= Directions for this task =
The response should consist solely of the lines running from the line with "- Navy blue body" to the end of the data, retyped exactly.

----

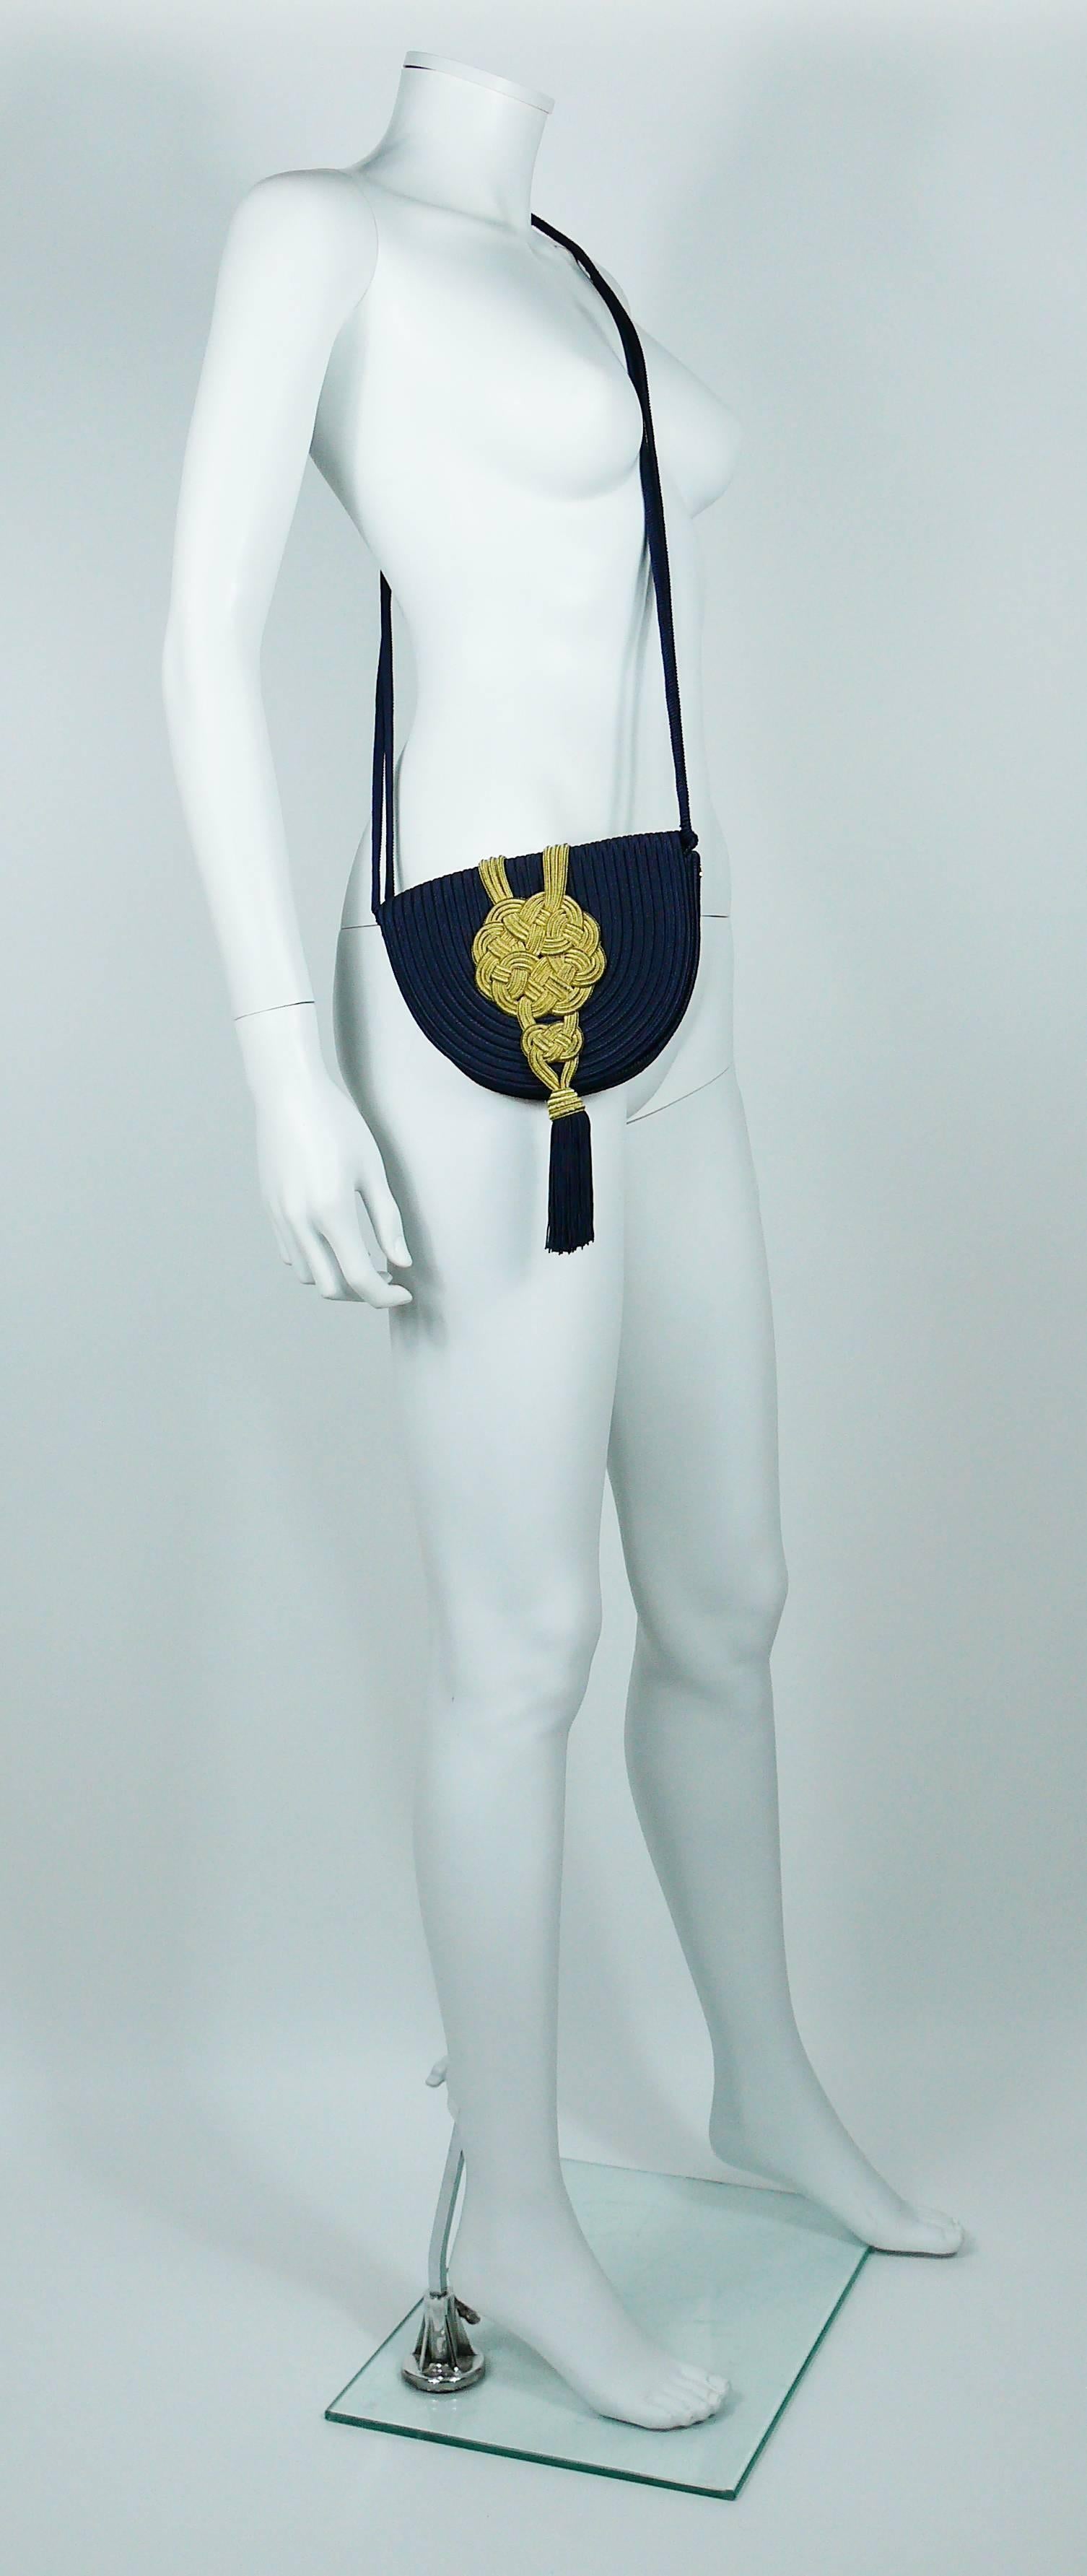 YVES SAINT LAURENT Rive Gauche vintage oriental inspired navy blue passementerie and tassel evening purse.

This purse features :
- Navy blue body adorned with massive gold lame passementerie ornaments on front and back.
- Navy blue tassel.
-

----

= Problem solution =
- Navy blue body adorned with massive gold lame passementerie ornaments on front and back.
- Navy blue tassel.
-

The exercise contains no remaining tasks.